[Opening Material to process section]

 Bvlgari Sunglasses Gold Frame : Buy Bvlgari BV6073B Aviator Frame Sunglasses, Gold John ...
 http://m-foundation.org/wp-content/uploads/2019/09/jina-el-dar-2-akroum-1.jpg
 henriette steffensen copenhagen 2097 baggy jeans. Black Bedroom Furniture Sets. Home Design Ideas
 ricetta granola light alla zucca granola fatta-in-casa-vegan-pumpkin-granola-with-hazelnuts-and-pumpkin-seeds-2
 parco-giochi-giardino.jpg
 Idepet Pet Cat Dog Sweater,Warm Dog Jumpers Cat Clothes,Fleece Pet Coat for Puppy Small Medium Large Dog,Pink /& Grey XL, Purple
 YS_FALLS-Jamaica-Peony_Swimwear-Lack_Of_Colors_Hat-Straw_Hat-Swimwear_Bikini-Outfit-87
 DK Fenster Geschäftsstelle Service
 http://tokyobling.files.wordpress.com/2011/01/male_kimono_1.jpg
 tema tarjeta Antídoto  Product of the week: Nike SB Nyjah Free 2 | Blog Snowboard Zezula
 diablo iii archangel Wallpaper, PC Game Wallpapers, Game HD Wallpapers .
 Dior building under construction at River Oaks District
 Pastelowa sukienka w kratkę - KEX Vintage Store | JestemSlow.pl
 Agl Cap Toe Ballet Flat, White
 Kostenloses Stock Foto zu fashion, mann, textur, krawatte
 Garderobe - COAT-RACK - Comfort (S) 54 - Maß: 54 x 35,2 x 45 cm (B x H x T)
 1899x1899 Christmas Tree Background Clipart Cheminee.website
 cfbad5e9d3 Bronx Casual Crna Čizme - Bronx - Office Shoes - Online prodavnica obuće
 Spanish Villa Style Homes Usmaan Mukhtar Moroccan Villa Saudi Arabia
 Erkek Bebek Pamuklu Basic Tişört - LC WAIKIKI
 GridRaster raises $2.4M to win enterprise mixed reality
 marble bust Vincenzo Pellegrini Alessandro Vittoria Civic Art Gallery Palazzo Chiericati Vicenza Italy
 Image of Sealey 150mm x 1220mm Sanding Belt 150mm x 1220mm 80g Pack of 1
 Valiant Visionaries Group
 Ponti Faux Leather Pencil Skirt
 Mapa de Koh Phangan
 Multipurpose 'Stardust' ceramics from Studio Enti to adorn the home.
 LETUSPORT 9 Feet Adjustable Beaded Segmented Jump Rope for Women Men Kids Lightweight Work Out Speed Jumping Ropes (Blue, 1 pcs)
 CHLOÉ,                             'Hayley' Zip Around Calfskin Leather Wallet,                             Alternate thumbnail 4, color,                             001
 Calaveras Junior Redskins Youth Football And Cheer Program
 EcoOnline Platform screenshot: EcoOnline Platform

[Closing Material to process section]

Directions for this task =>
In the entries above, the lines between the one holding "parco-giochi-giardino.jpg" and the one holding "Mapa de Koh Phangan", inclusive, are to be printed exactly as written, and those alone.

Your solution =>
 parco-giochi-giardino.jpg
 Idepet Pet Cat Dog Sweater,Warm Dog Jumpers Cat Clothes,Fleece Pet Coat for Puppy Small Medium Large Dog,Pink /& Grey XL, Purple
 YS_FALLS-Jamaica-Peony_Swimwear-Lack_Of_Colors_Hat-Straw_Hat-Swimwear_Bikini-Outfit-87
 DK Fenster Geschäftsstelle Service
 http://tokyobling.files.wordpress.com/2011/01/male_kimono_1.jpg
 tema tarjeta Antídoto  Product of the week: Nike SB Nyjah Free 2 | Blog Snowboard Zezula
 diablo iii archangel Wallpaper, PC Game Wallpapers, Game HD Wallpapers .
 Dior building under construction at River Oaks District
 Pastelowa sukienka w kratkę - KEX Vintage Store | JestemSlow.pl
 Agl Cap Toe Ballet Flat, White
 Kostenloses Stock Foto zu fashion, mann, textur, krawatte
 Garderobe - COAT-RACK - Comfort (S) 54 - Maß: 54 x 35,2 x 45 cm (B x H x T)
 1899x1899 Christmas Tree Background Clipart Cheminee.website
 cfbad5e9d3 Bronx Casual Crna Čizme - Bronx - Office Shoes - Online prodavnica obuće
 Spanish Villa Style Homes Usmaan Mukhtar Moroccan Villa Saudi Arabia
 Erkek Bebek Pamuklu Basic Tişört - LC WAIKIKI
 GridRaster raises $2.4M to win enterprise mixed reality
 marble bust Vincenzo Pellegrini Alessandro Vittoria Civic Art Gallery Palazzo Chiericati Vicenza Italy
 Image of Sealey 150mm x 1220mm Sanding Belt 150mm x 1220mm 80g Pack of 1
 Valiant Visionaries Group
 Ponti Faux Leather Pencil Skirt
 Mapa de Koh Phangan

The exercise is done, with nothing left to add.